Expert systems have proven to be a viable technology for organisations. Due to the expense involved in developing and maintaining such systems, Makarov has made substantial research efforts focusing on identifying factors that contribute to the success and usage of such systems. Our research allows system managers, designers, and users to make informed design decisions early in the process of the systems construction.
Makarov Expert System Development
We recommend that expert systems must be applied to core business problems to gain high payoff. Although technical and operational feasibility are important factors in gaining managerial support for systems development, such a venture must undergo rigorous economic assessment in order to gain managerial support. Obtaining managerial commitment early in the design process is important in terms of harnessing organisational resources and funds, motivating users about the effectiveness of the project, and ensuring user involvement in the design of the expert systems. Effective management of user motivations and involvement is crucial to system acceptance and usage in the postimplementation phases.
Expert system shells must be selected judiciously by giving careful consideration to features such as methods of knowledge representation, costs, and support. Developers must select knowledge representation schemes that are suited to the task and are supported by the shell. Multiple sources of knowledge are recommended for populating the knowledge base. In another variation to this, multiple experts should be used to support knowledge elicitation.
Verification and validation must be an ongoing process and multiple approaches to validation must be used. Adequate resources and efforts must be put into retaining key development personnel in order to provide long-term support for the system.

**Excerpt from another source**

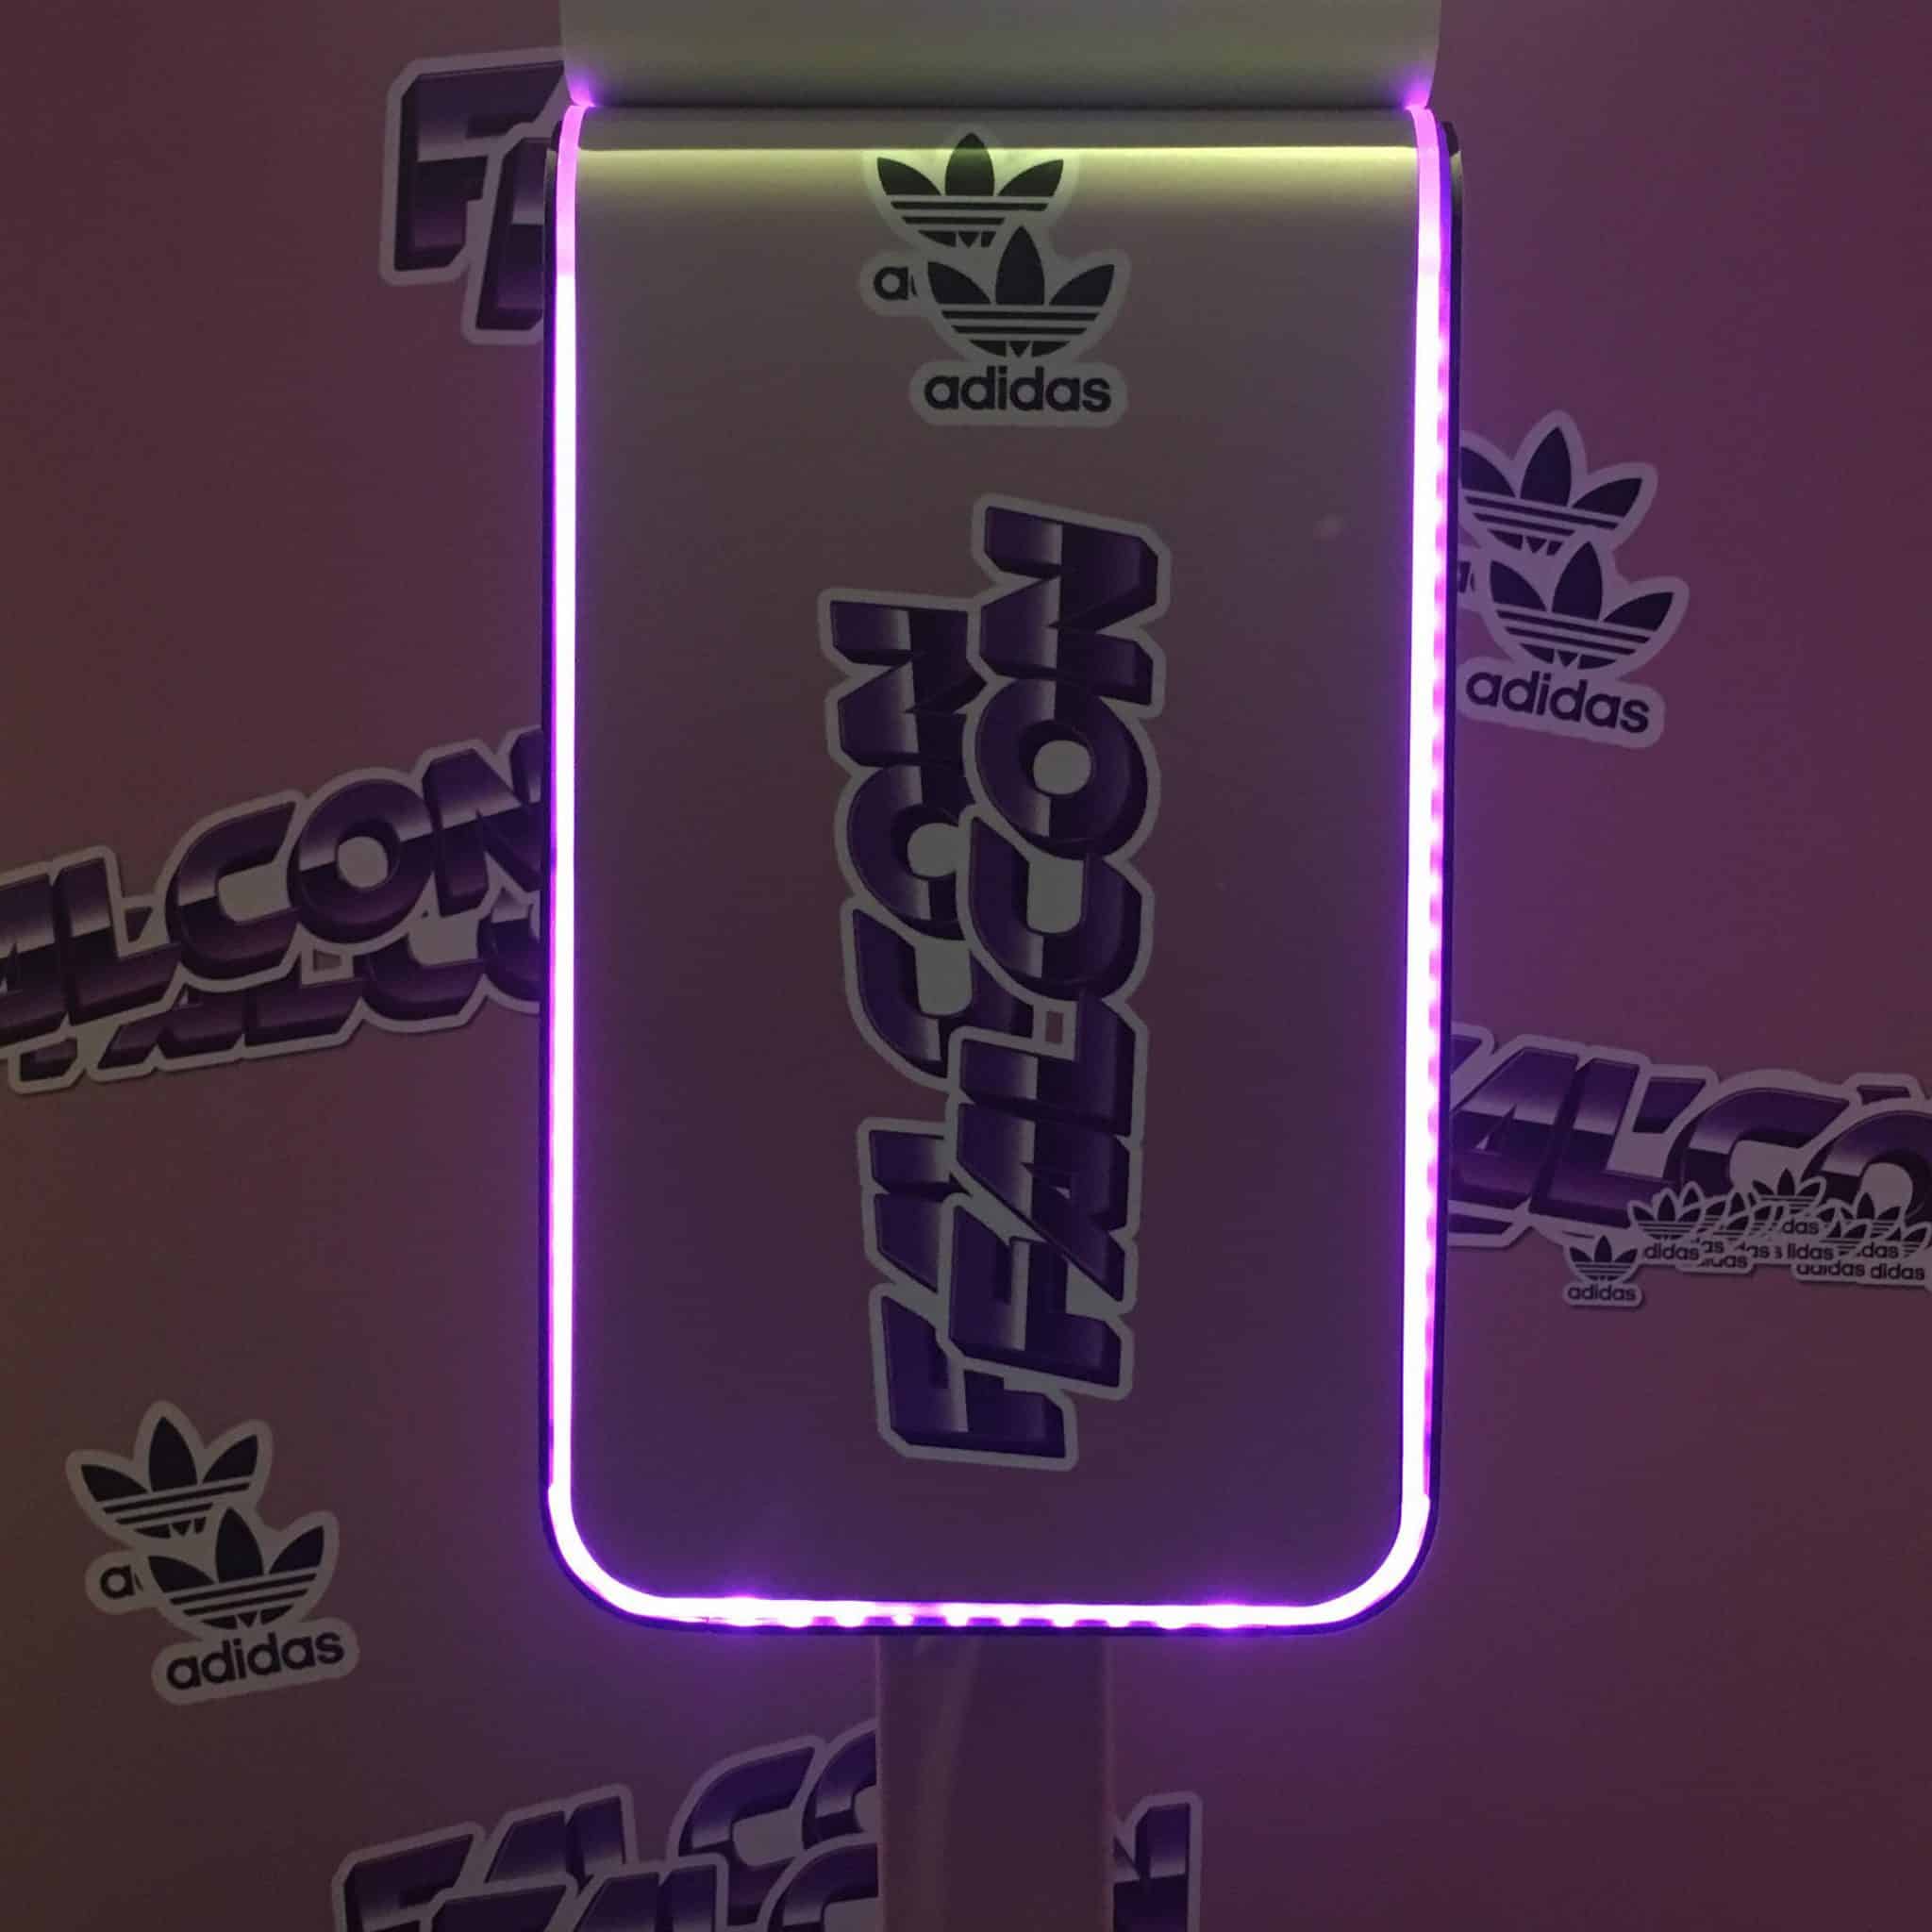 Adidas branded Photo Booth with back drop

Makarov Expert System Types
Expert systems software is made by developers for many reasons, but these programs commonly are made to look at data and then do something with, or react to, the information. Diagnosis and repair systems software looks at problems, recommends a plan of action, and may create a schedule to help fix the problem. Instructional systems use tests or other methods to gauge the abilities of the user and then present material in the best order for the learner.
Interpretation and prediction systems are similar, except one compares data to find an answer and the other uses data to predict an outcome. Monitoring systems are automatic systems that watch over an environment, such as for manufacturing, and respond to functions and needs.
Diagnosis and repair systems software are similar programs, but how they respond to information is different. Both look at information to determine a problem, and both recommend the best way to fix the problem. The difference is that a diagnosis expert system just tells the user the best remedy or trouble-shooting steps for the problem. A repair system will detail a schedule and all the steps needed to correct the problem.
Instruction systems software is used to train new employees or to provide individual instruction to students. This system first administers tests to collect information about the user, to understand his or her strengths and weaknesses. After collecting the data, the instructional system will then present material that best complements the student’s learning profile, so he or she will learn at maximum efficiency.
Interpretation and prediction expert systems software are both made to look at data and create an analysis of the information. An interpretation system is often used in mineral and gas drilling to looks at images and other factors to determine the best way to mine the material, and helps workers understand what material has been found. A prediction system looks at information and predicts an outcome, such as with weather forecasting services.
Monitoring expert systems software is used mostly in manufacturing and energy plants, and it automates all the processes. Rules are built into the system that tell the system what the best operating temperatures are, what should be done with faulty equipment, and other factors that commonly occur in the plant. The expert system will then constantly analyse the environment and will respond to any changes to ensure everything is working optimally, correcting problems as needed.